Se ao menos tirássemos um pingo de seu desejo de se libertar de todas as restrições, provavelmente estaríamos todos menos presos aos porquês e aos comos de um mundo que – talvez – está apenas aparentemente de cabeça para baixo.

Se, pelo contrário, dermos à sua ânsia de liberdade um significado puramente positivo, feito de diversidade reduzida à mais simples normalidade (exceto alguns valentões…) e abraços e partilhas, bem, quanta felicidade ganharíamos?

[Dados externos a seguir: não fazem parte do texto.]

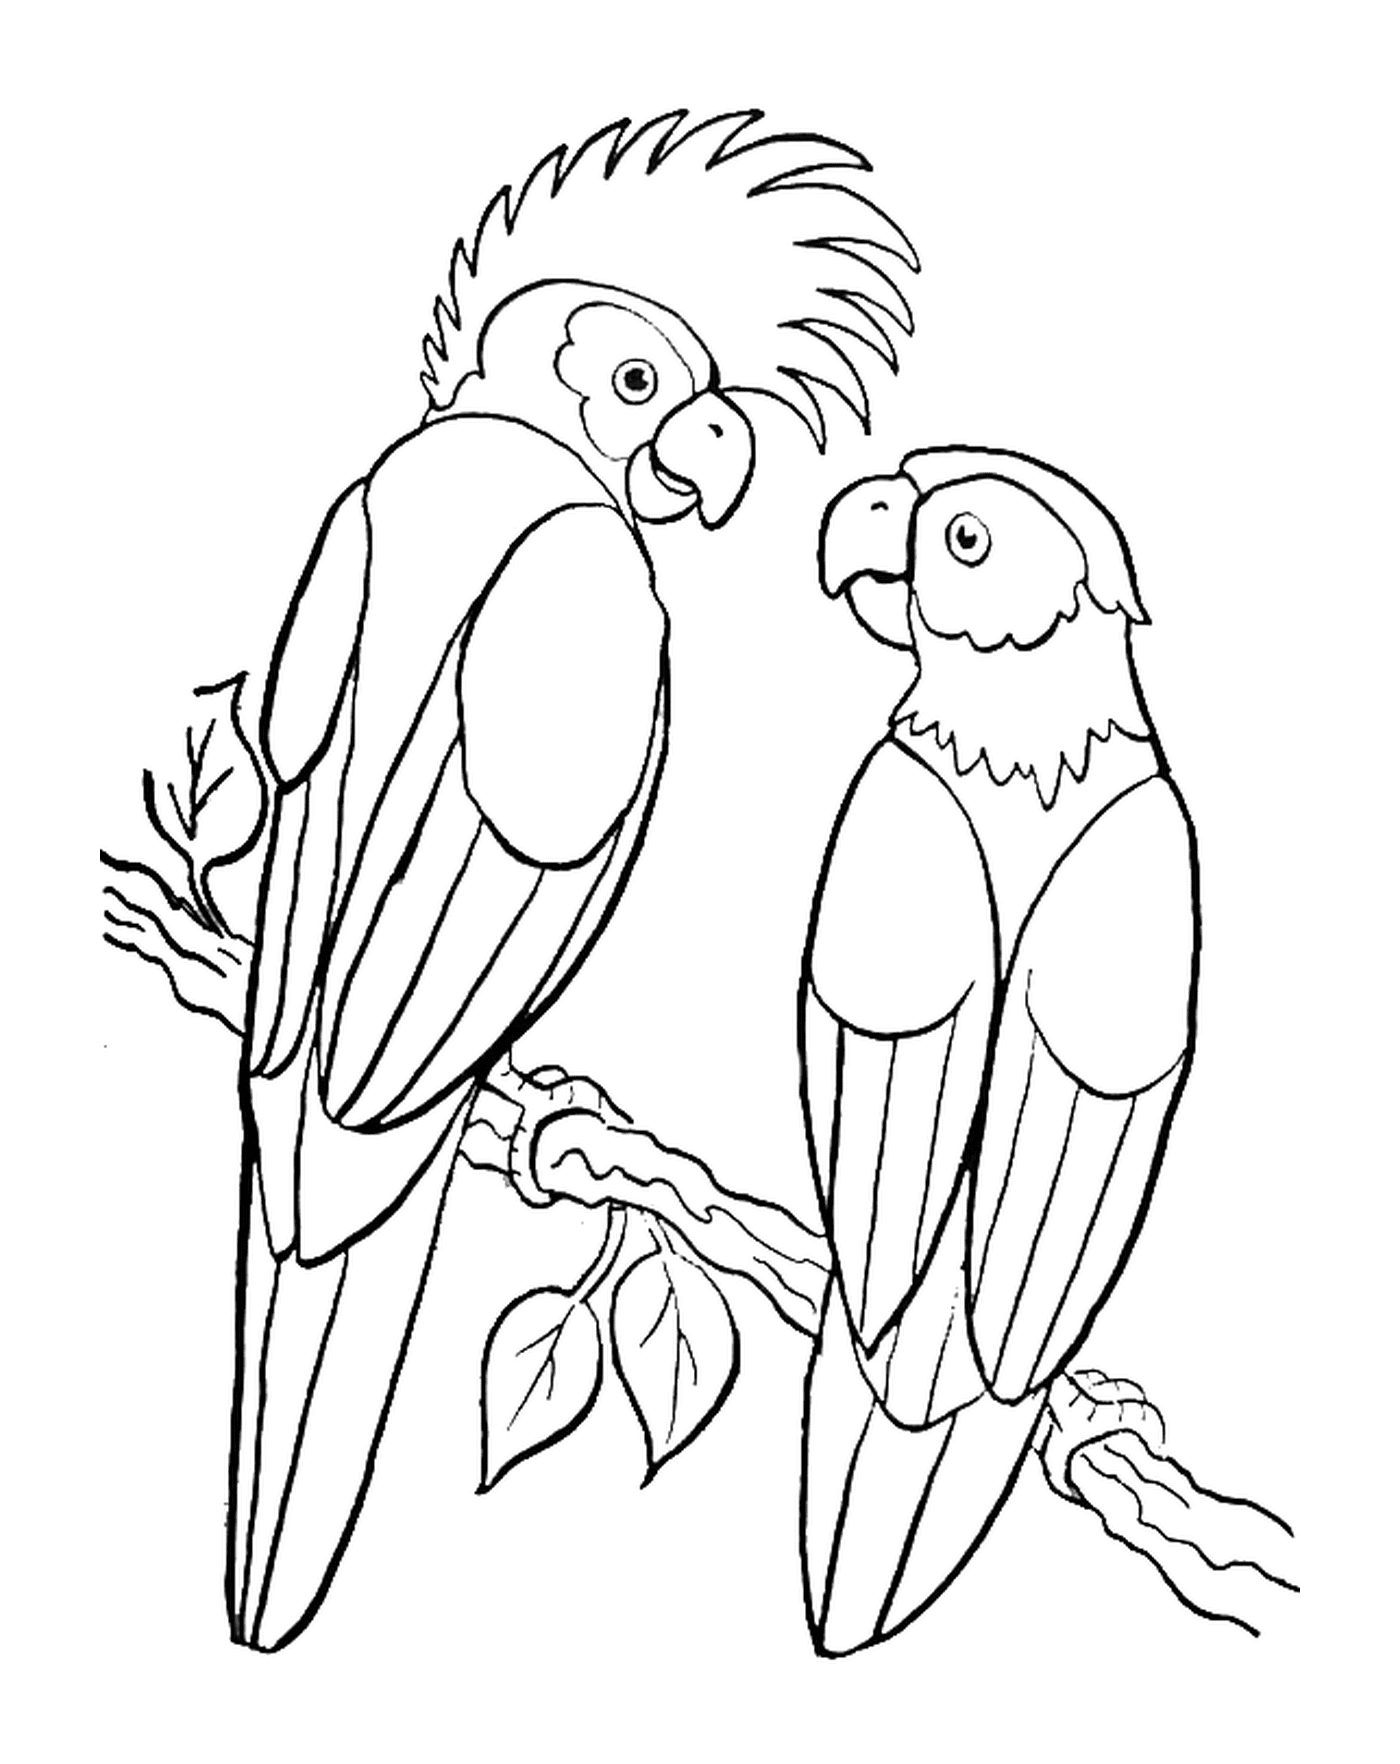  Парочка попугаев на деревянной ветке

A questão da inclusão das pessoas ditas “diferentes” ou pessoas com deficiência é, para dizer a verdade, uma questão a que todos devemos ter maior sensibilidade e máxima atenção. A razão? Porque é um direito e um dever ao mesmo tempo, que sugere e impõe atuar imediatamente na família e depois na escola, desde os primeiros anos de vida até a plena maturidade, para se tornar cada vez mais patrimônio compartilhado por todos.

De pais para filhos, de professores para alunos, é um jogo de dar e receber, de responsabilidade e conhecimento mútuos, de opiniões para compartilhar, de valores para incutir.

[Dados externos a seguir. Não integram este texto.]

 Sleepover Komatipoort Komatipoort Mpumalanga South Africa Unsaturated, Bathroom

Com muita delicadeza, tentamos alcançar as cordas mais profundas da alma e nos perguntamos se realmente vale a pena fazer o outro se sentir desconfortável por sua condição física e por como ou com quem escolheu viver.

A campanha CoopVoce

” Para que a comunicação exista, é preciso libertar a voz “: este é o objetivo da nova campanha da CoopVoce, operadora de telefonia móvel da Coop, que com um comercial em televisão, rádio e canais digitais – dirigido por The Astronauts – quer responder a necessidade urgente de comunicar e comunicar, conectar e revelar o lado mais autêntico de si mesmo, ao mesmo tempo em que faz sua uma mensagem de grande inclusão.

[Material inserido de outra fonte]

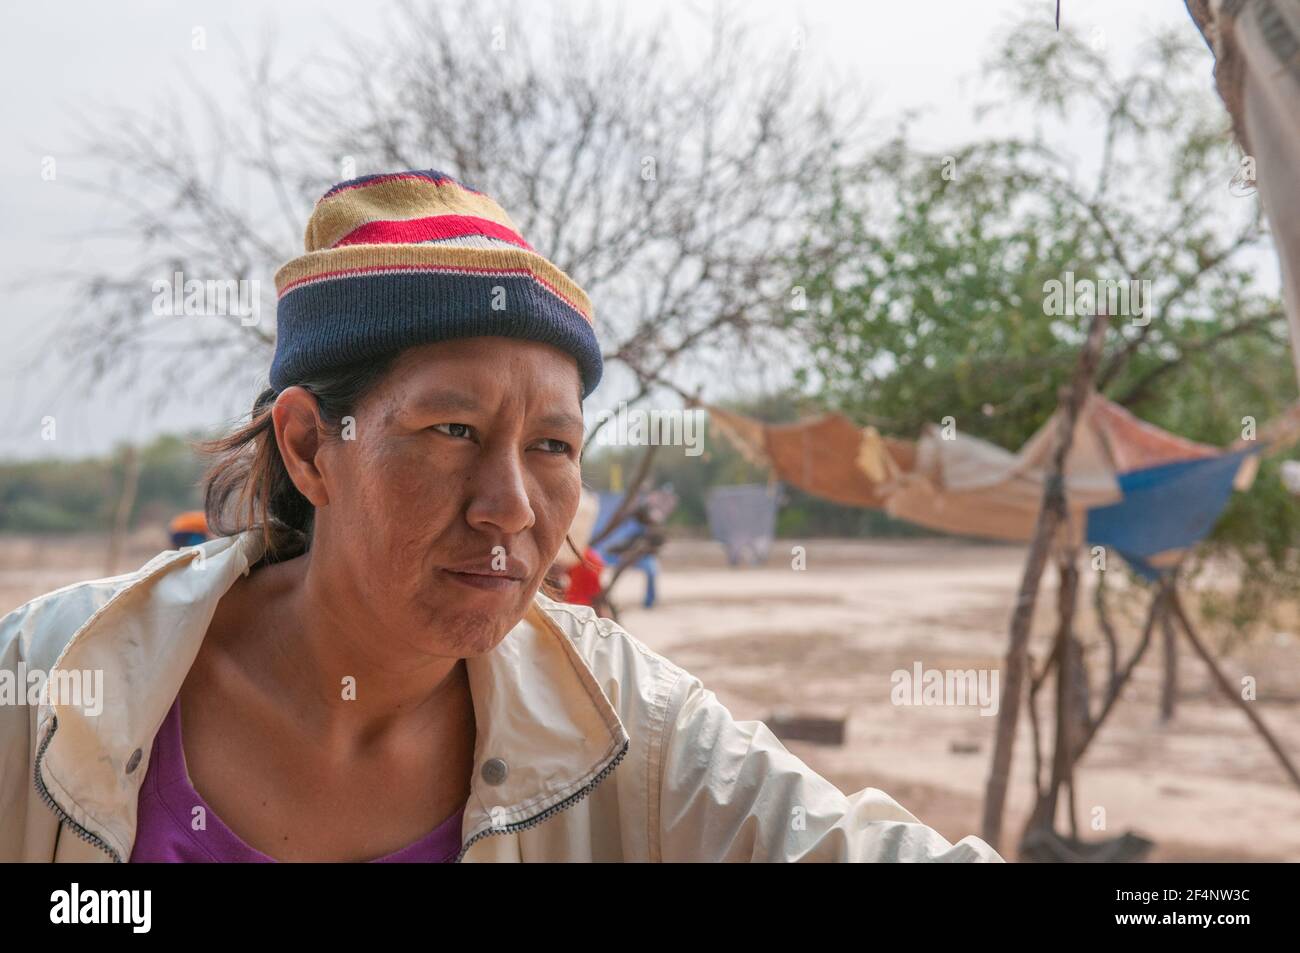 Provincia di Chaco. Argentino. 15-01-2019. Ritratto di una donna indigena nel suo villaggio nella provincia di Chaco, a nord dell'Argentina. Foto Stock

Como fazer? Falando precisamente aos jovens com os jovens.

Assim, o depoimento da campanha só poderia ser o cantor AKA7even , que participou da edição 2021 do Amici di Maria de Filippi e do Festival Sanremo 2022.

E nas notas de uma música muito cativante com palavras como ” se fechássemos os olhos não seríamos diferentes “, imagens de vida feliz e normal seguem uma após a outra, a de meninas que só têm o desejo e a necessidade de expressar viver em um mundo o mais sustentável possível.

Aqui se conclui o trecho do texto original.